Unemployment, though on the higher side, is actually down from earlier this year. Hiring, if weak in tech, has been strong in other sectors, such as construction, where total employment jumped 7.2% from April 2022 to April 2023, and aerospace manufacturing, up 8.2%.
Further, while the total number of job openings is coming down from pandemic highs, they remain unusually elevated, said Anneliese Vance-Sherman, a regional economist with the Employment Security Department who covers the Seattle-area job market.
In fact, more Washingtonians quit each month than get laid off, said Vance-Sherman, citing federal data, which indicates people remain confident they can readily find another job. “They’re feeling bullish on the other opportunities, partially because there are a lot of job openings out there,” Vance-Sherman said.

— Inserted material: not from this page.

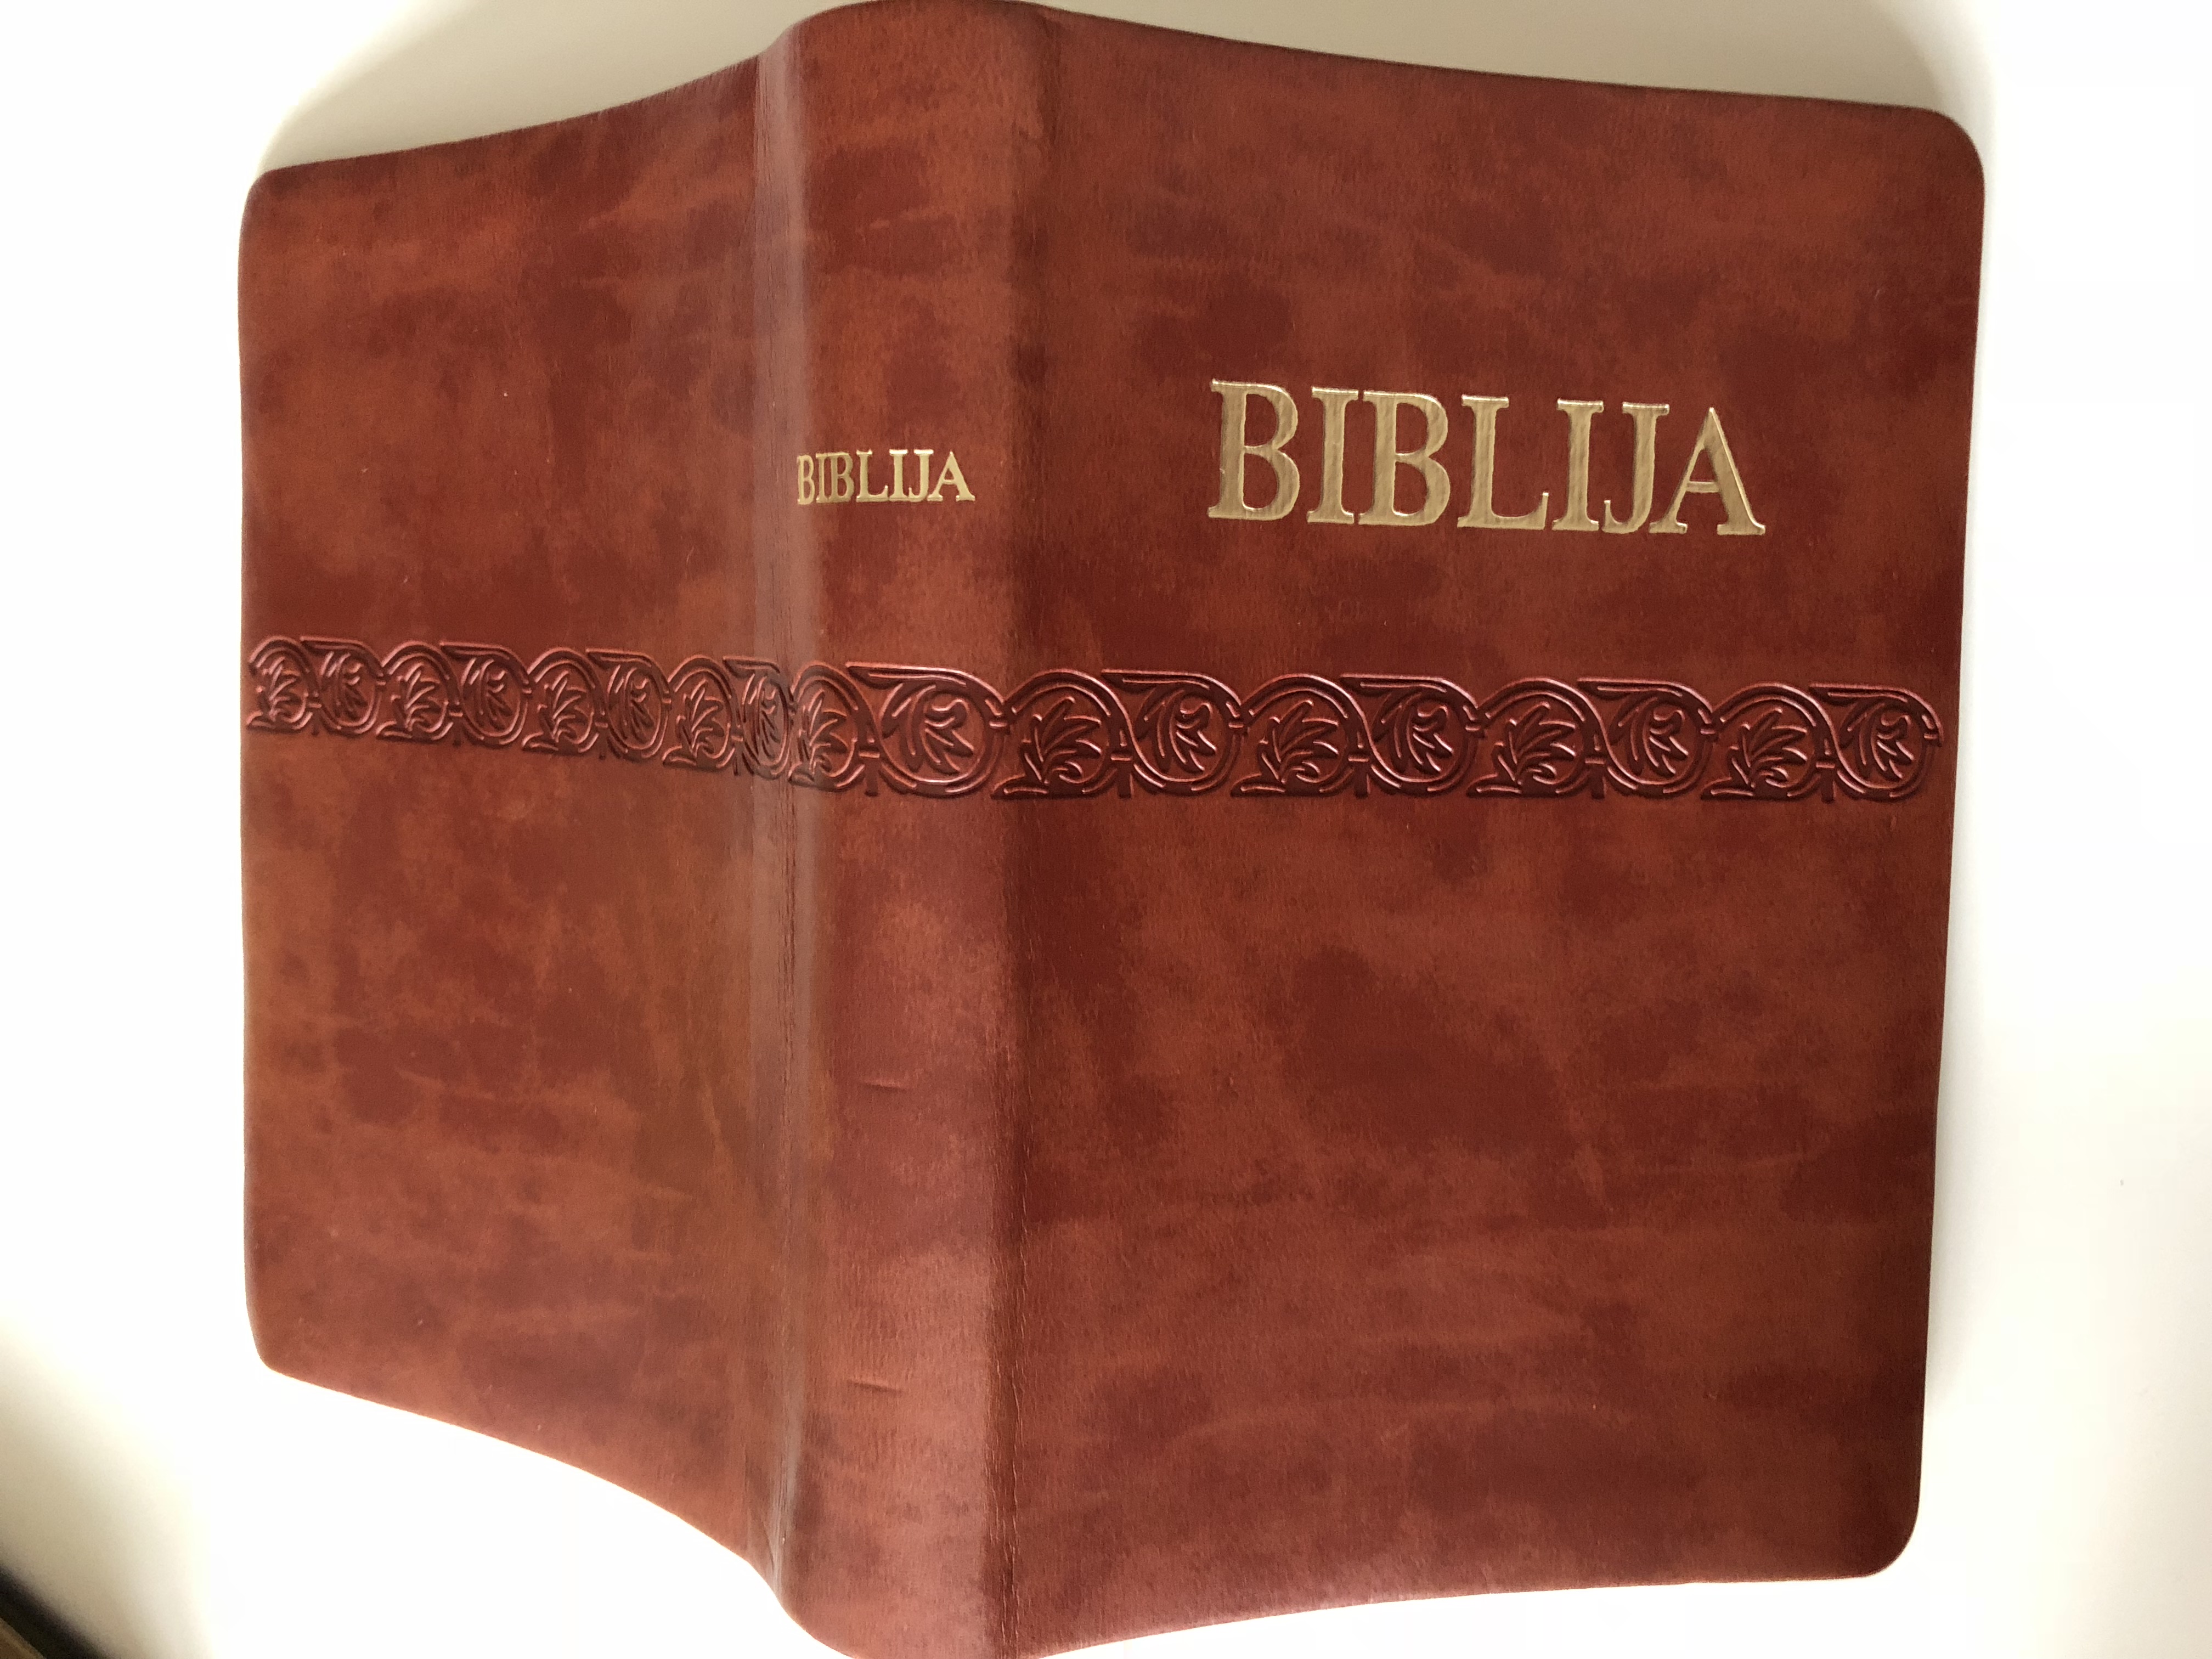 biblija-holy-bible-in-croatian-language-leather-bound-brown-golden-edges-sveto-pismo-staroga-i-novoga-zavjeta-1-.jpg
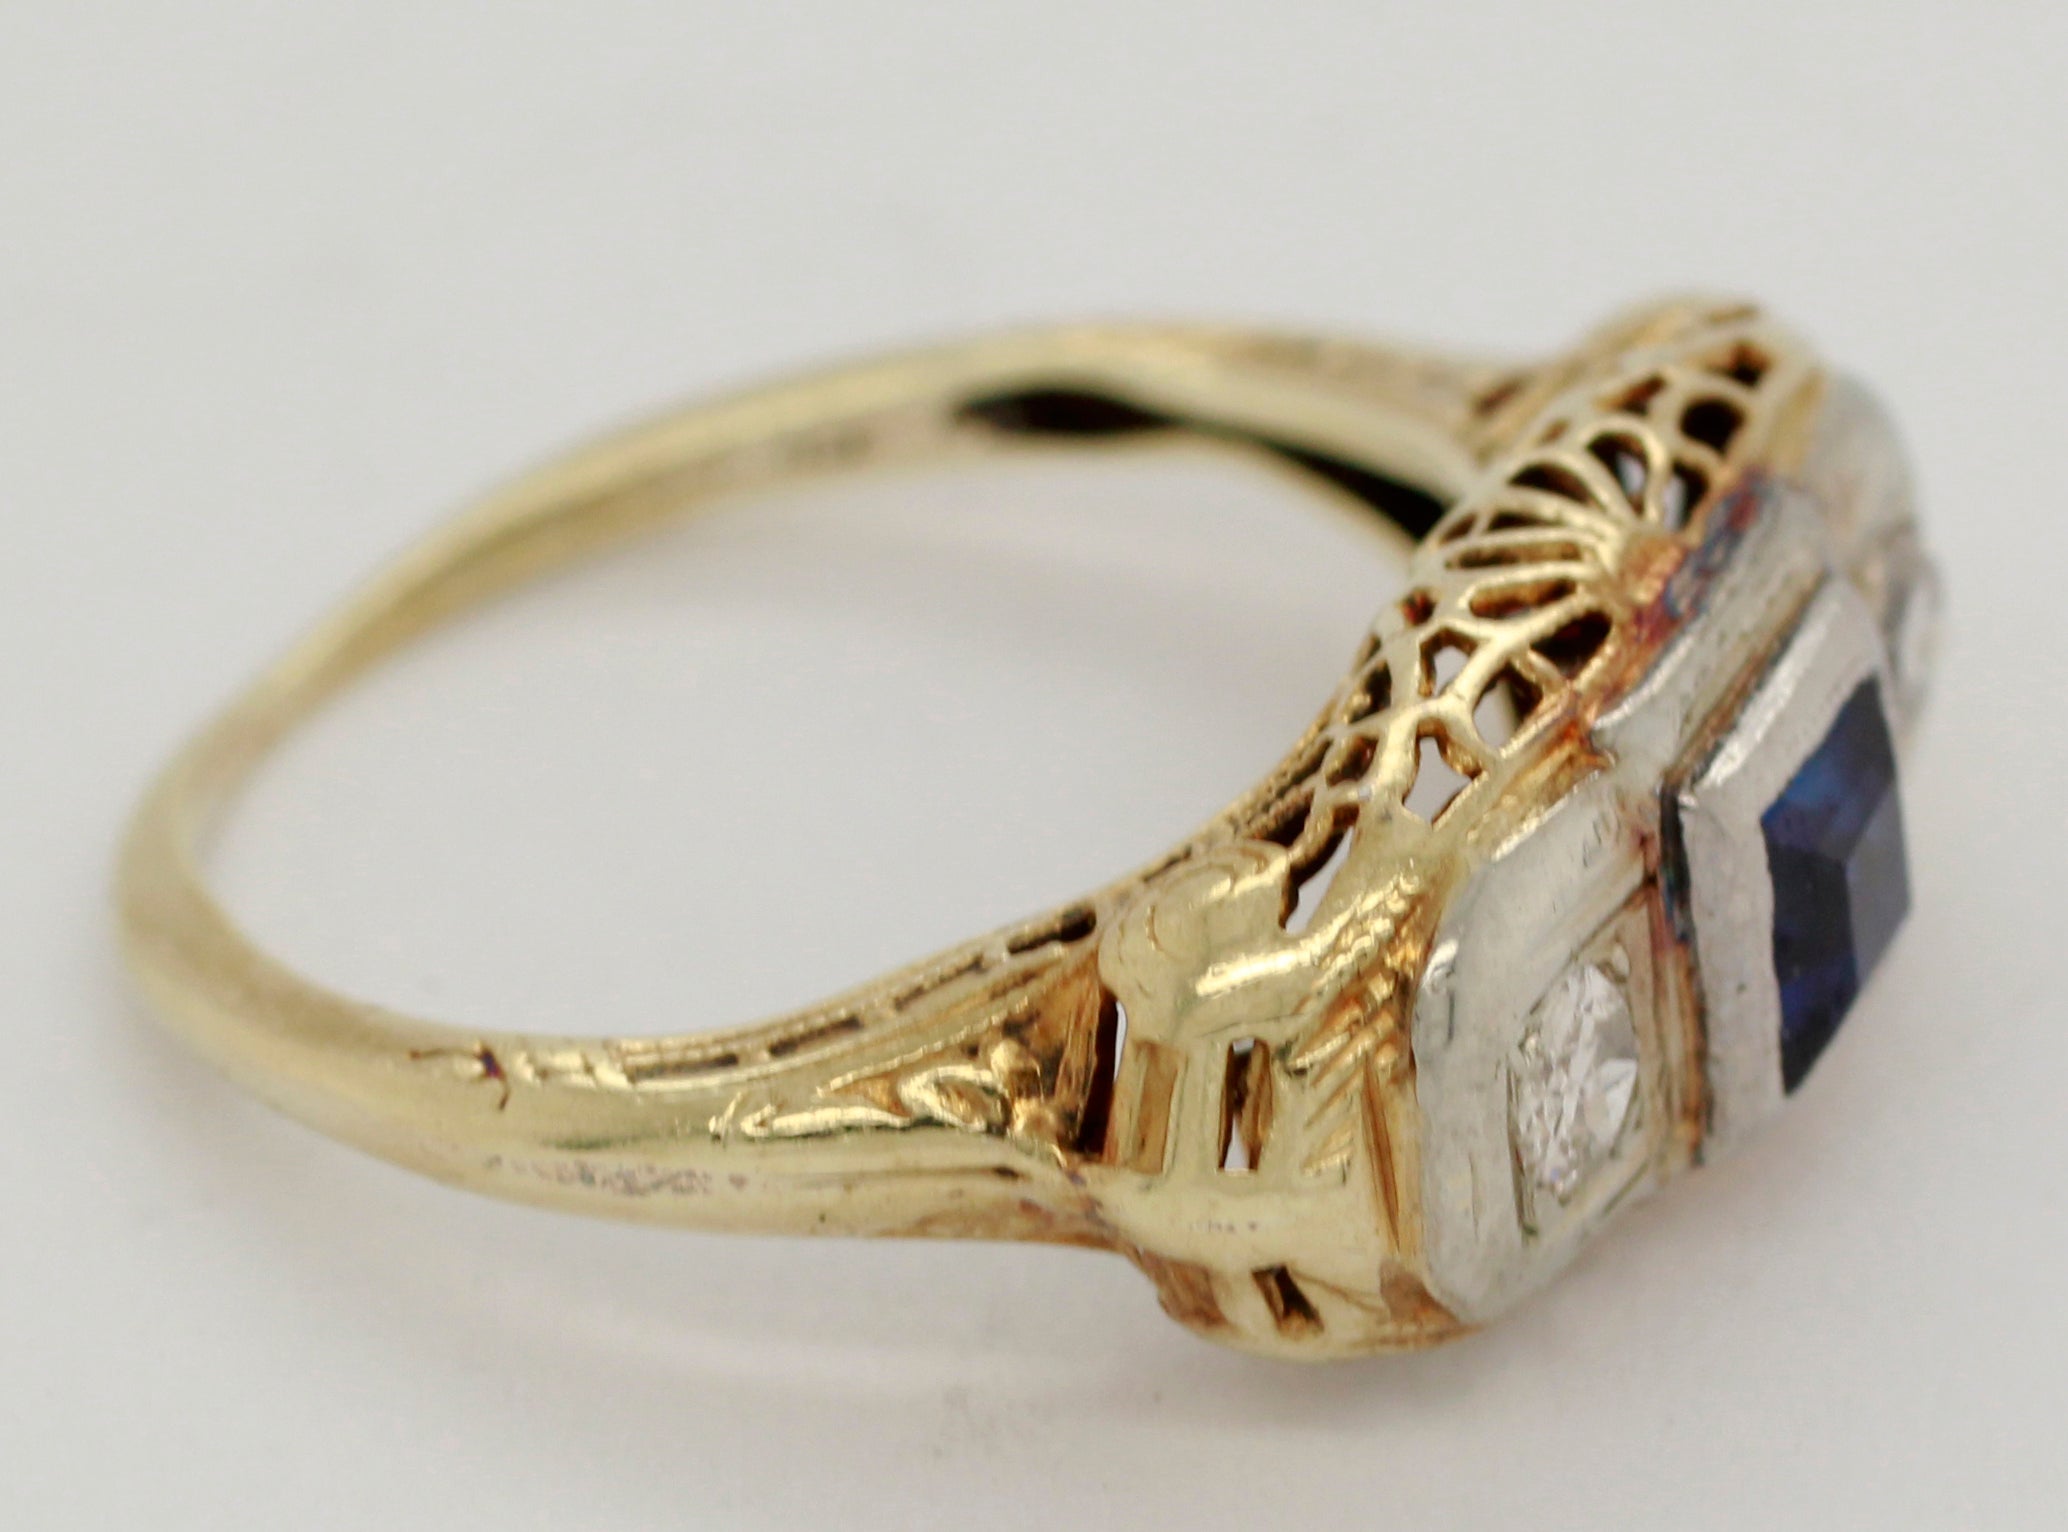 Antique Art Deco 0.30ctw Sapphire & Diamond Filigree Band Ring - 14k Yellow Gold

For that matter, despite healthcare’s curr ent financial struggles, economists remain confident of its prospects as a major employer, given that an aging population will only need more medical services.
This year, the number of 65-year-olds is likely to surpass the number of 18-year-olds for the first time in U.S. history, according to new research by the UW’s Vigdor.
Until recently, that demographic reality, and its consequences for health care employment, was often overshadowed by the focus on tech-sector growth. The conventional wisdom, says Vigdor, was “that if you want to be employable, you should learn to code.”
But “with a rapidly aging population … the demand for health care is only going to increase,” says Vigdor.
“In the labor market as elsewhere,” he adds, “demography is destiny.”